***** Data provided

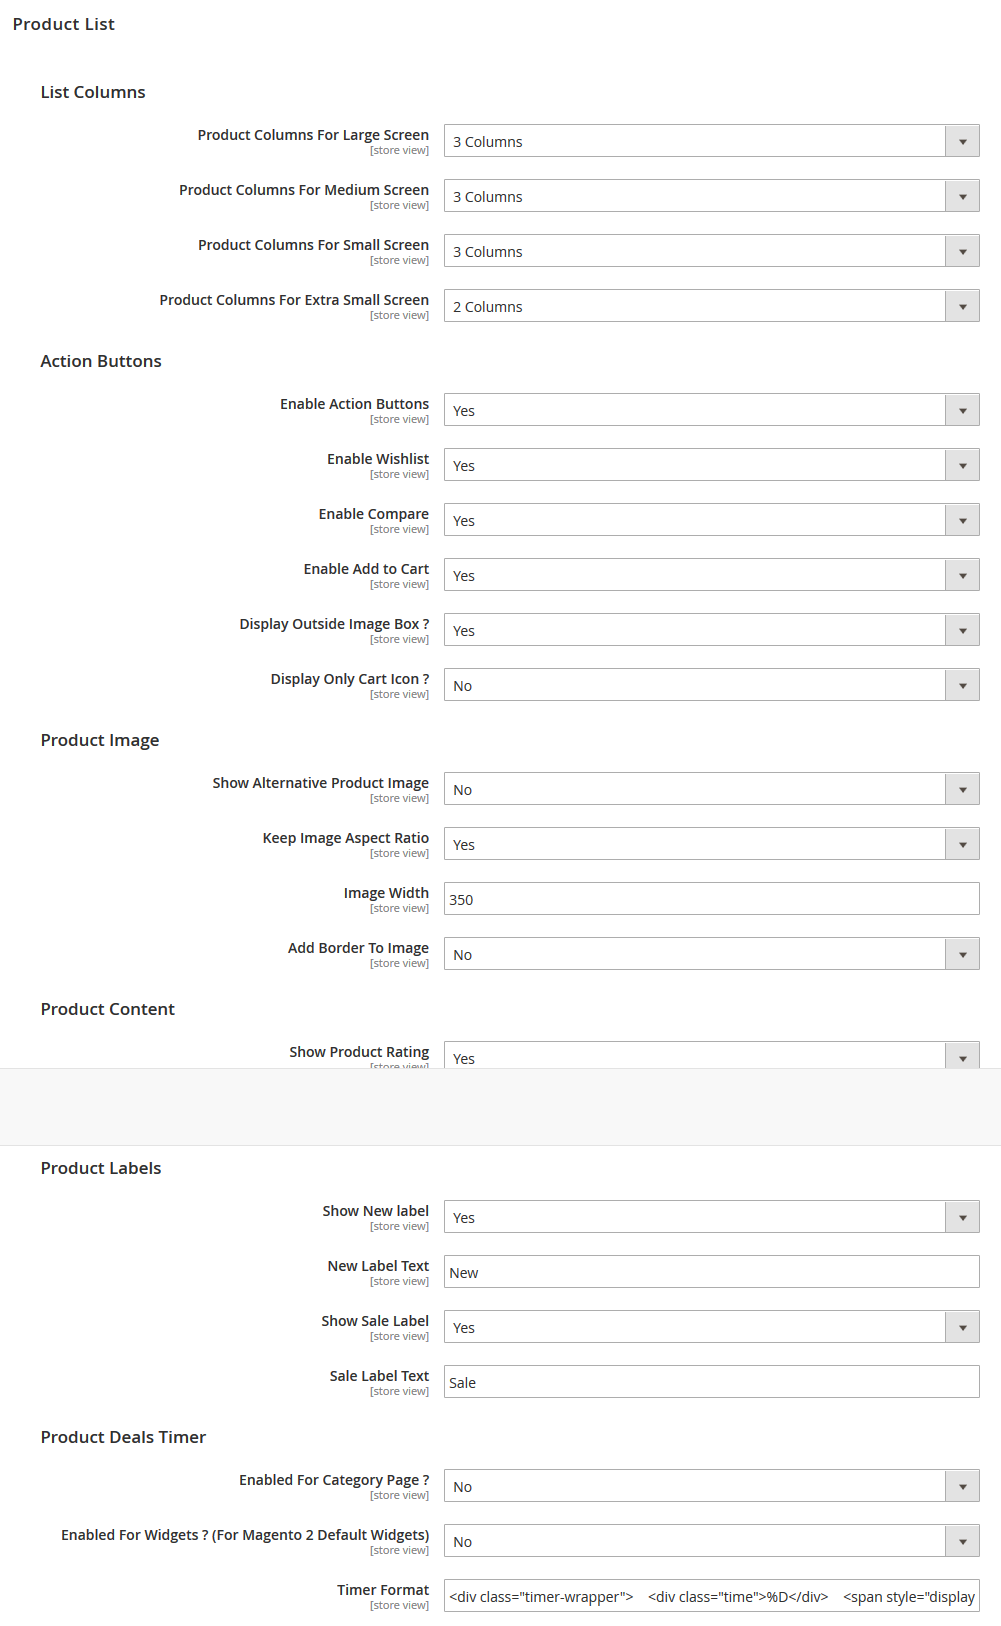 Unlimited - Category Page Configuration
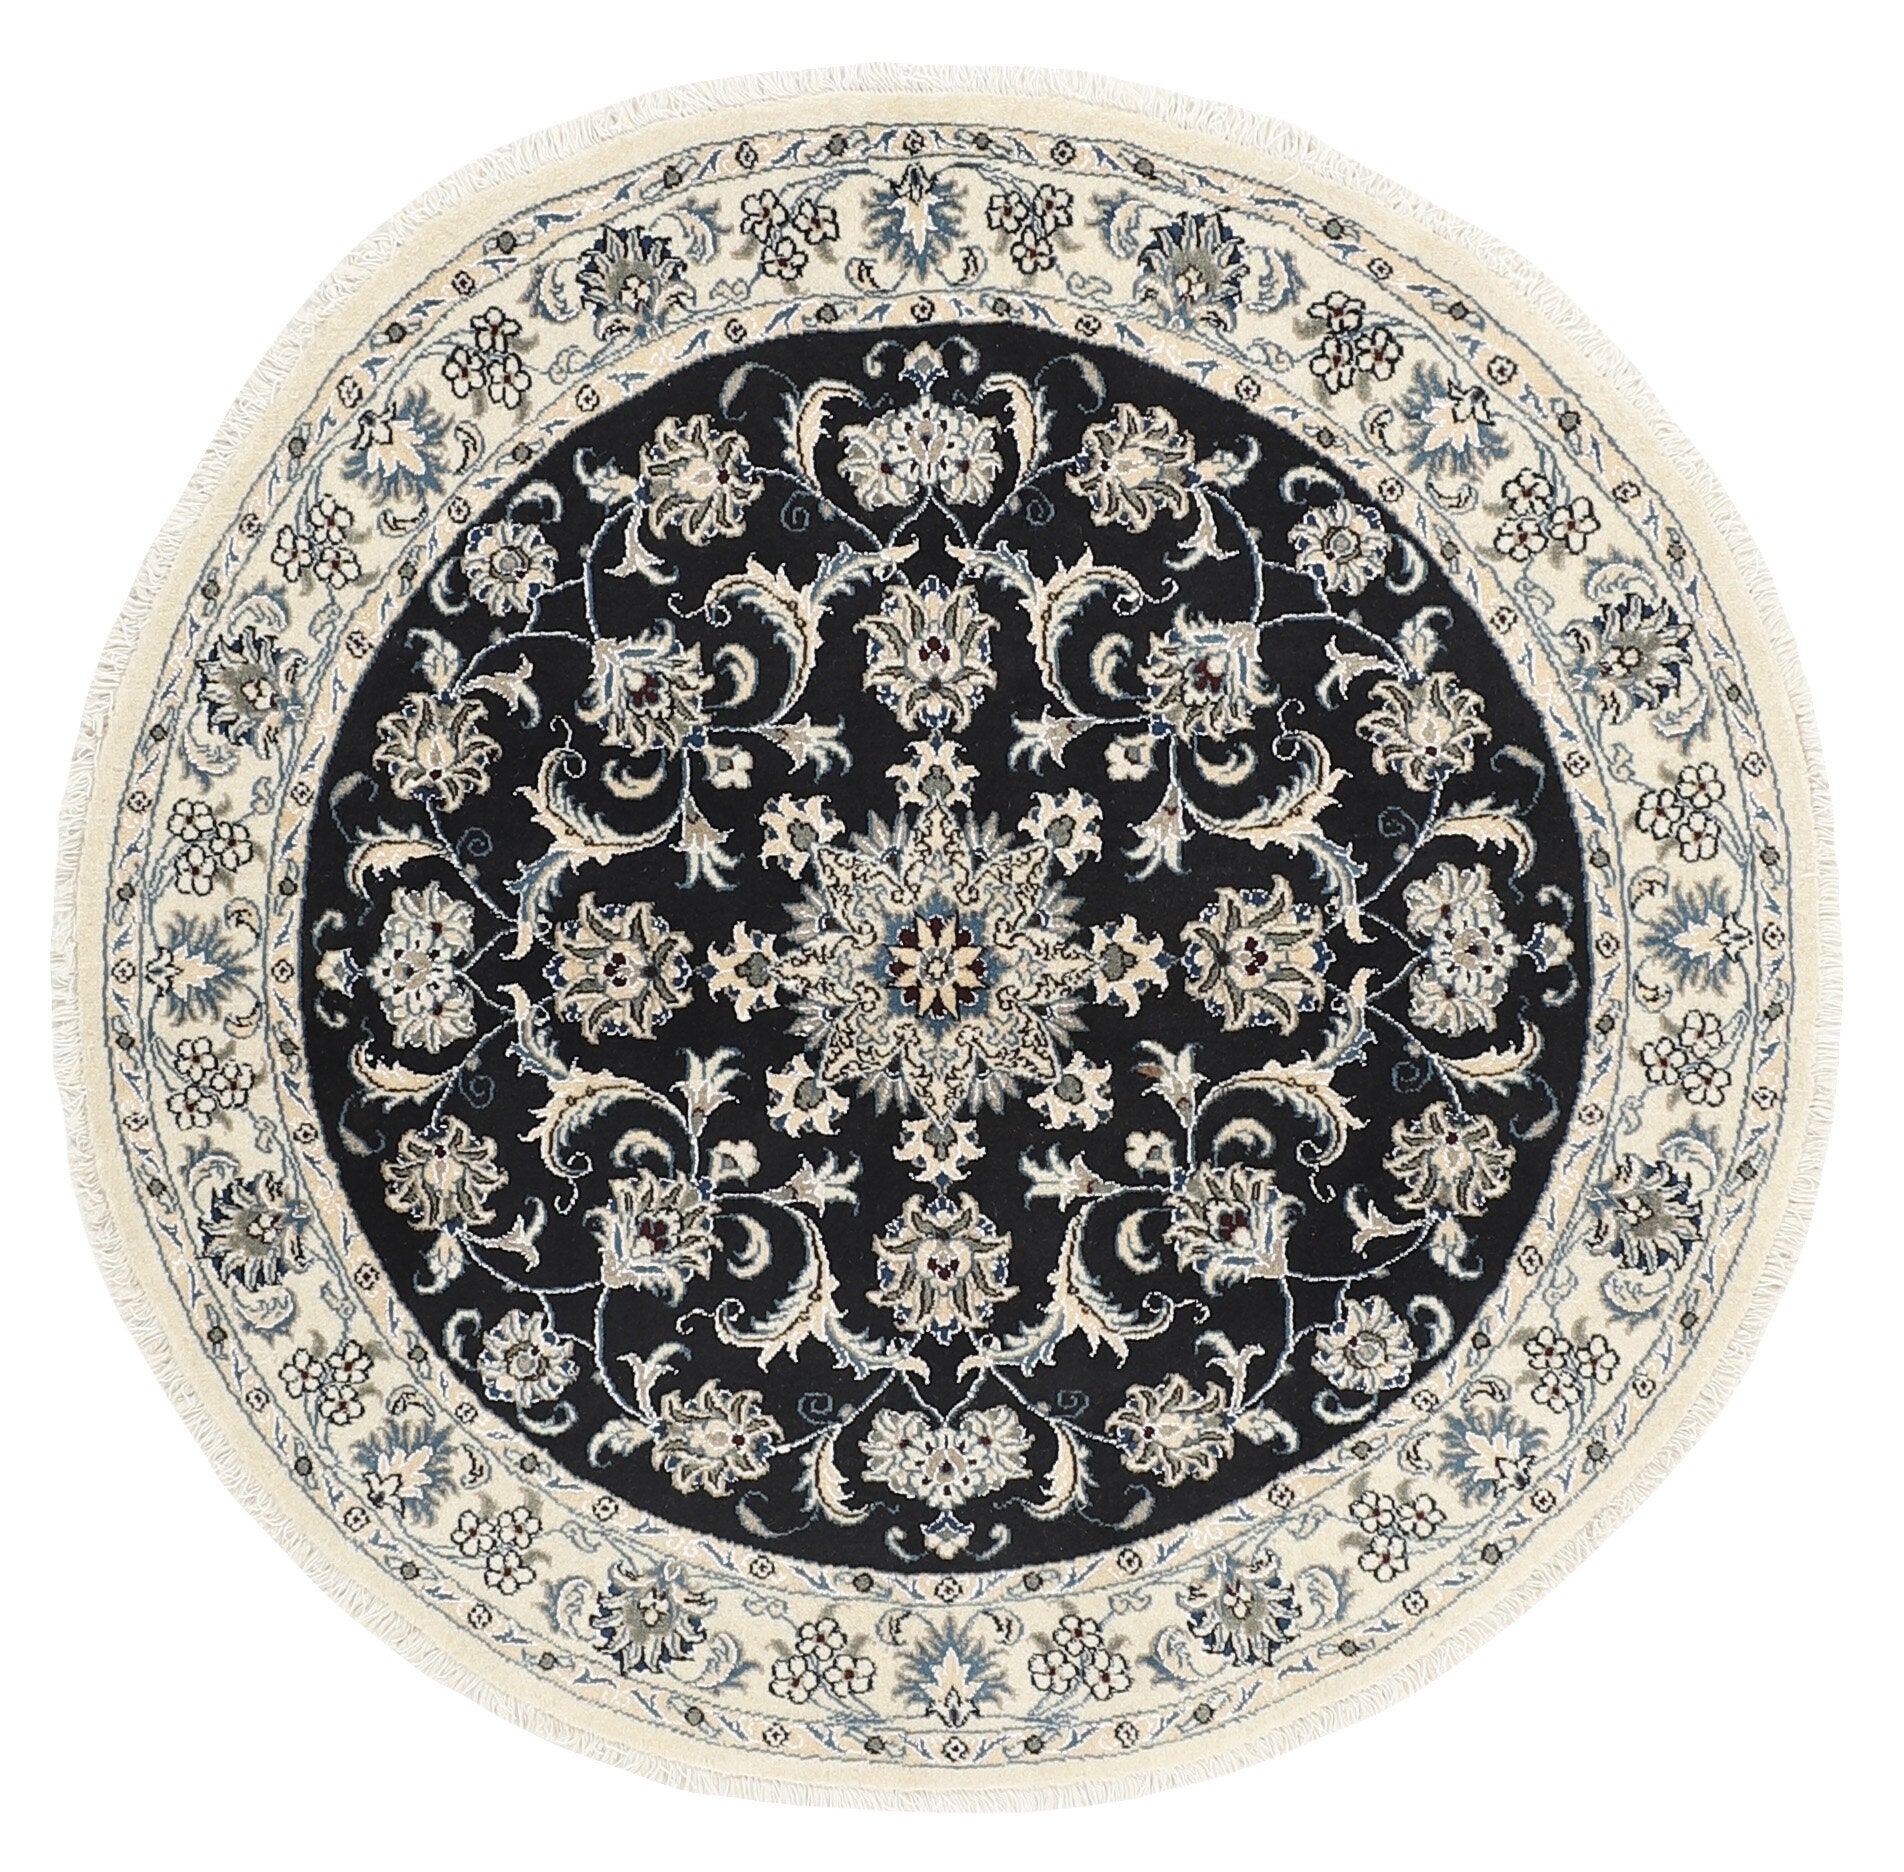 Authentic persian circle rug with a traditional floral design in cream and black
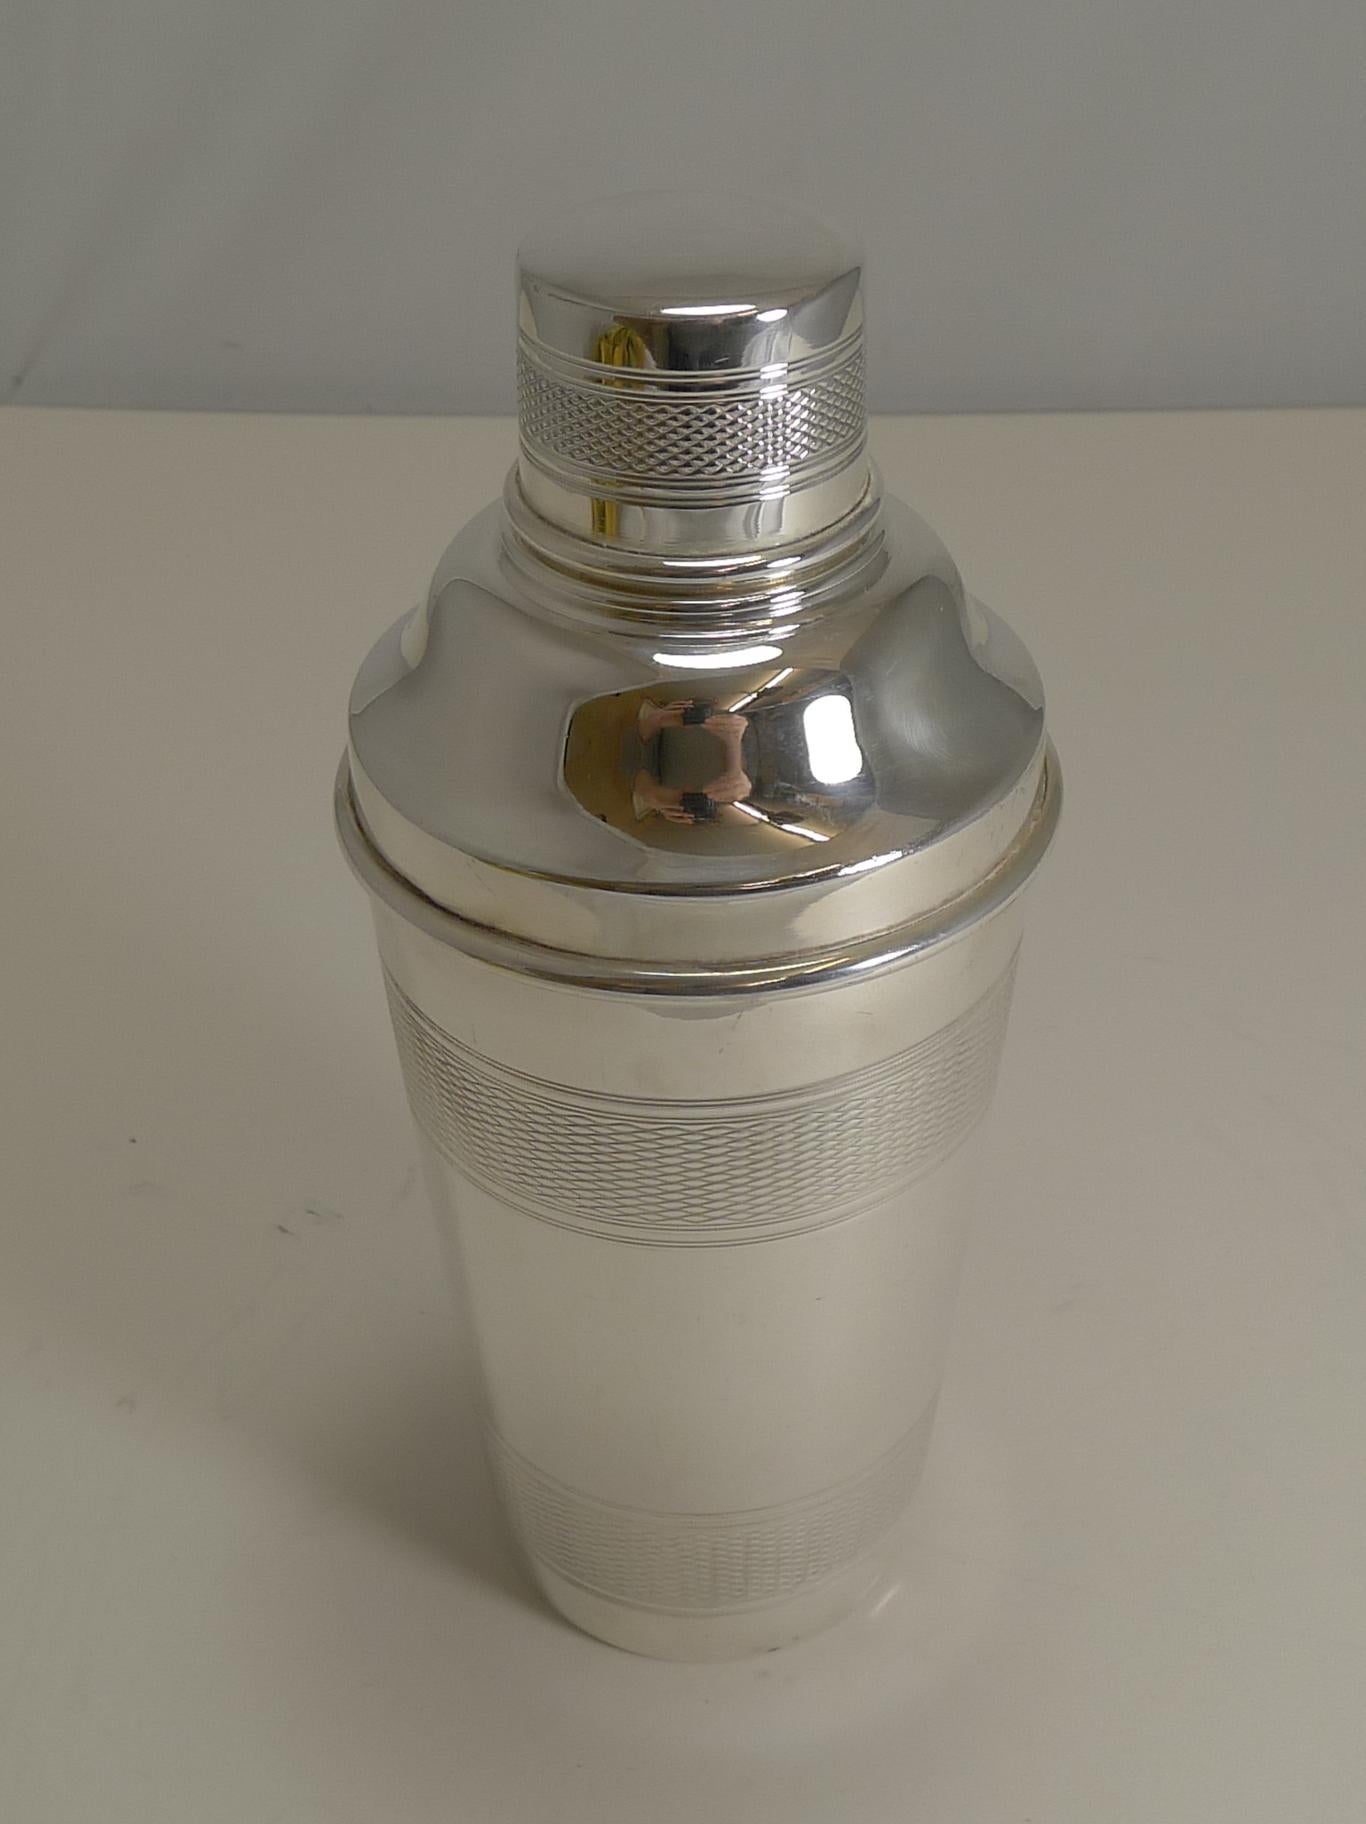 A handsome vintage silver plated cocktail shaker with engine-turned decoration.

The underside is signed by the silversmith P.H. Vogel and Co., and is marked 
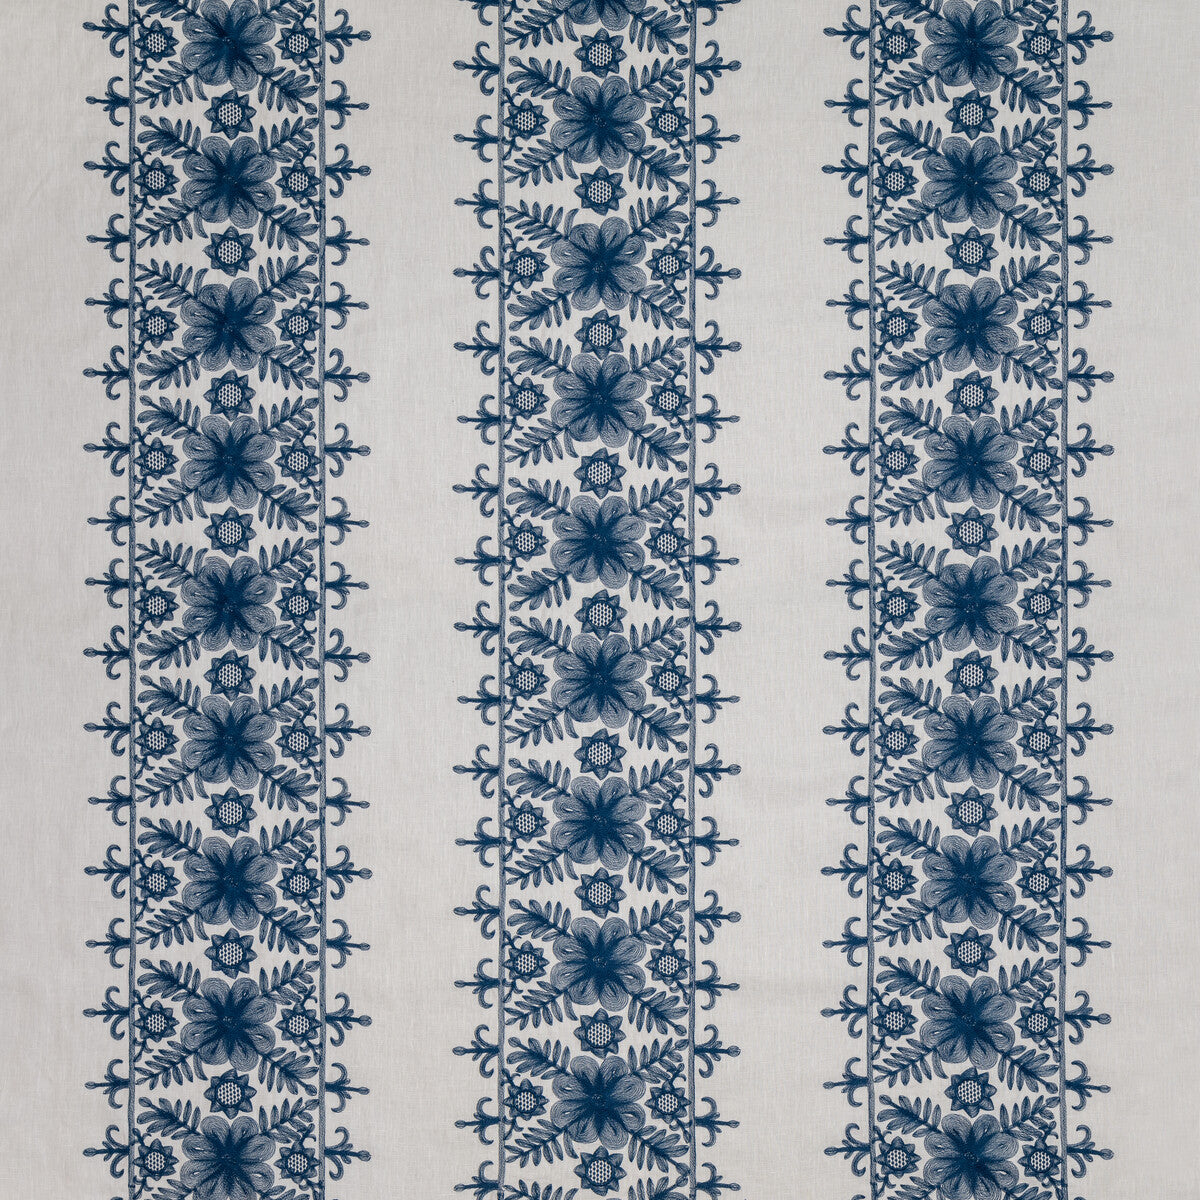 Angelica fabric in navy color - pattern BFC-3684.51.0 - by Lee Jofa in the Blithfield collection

**********

Transcribe only the lines from the one holding "Authentic persian circle" through the last line of the listing above, inclusive, and do not include the pictures.

 Authentic persian circle rug with a traditional floral design in cream and black
 A handsome vintage silver plated cocktail shaker with engine-turned decoration.

The underside is signed by the silversmith P.H. Vogel and Co., and is marked 
 Angelica fabric in navy color - pattern BFC-3684.51.0 - by Lee Jofa in the Blithfield collection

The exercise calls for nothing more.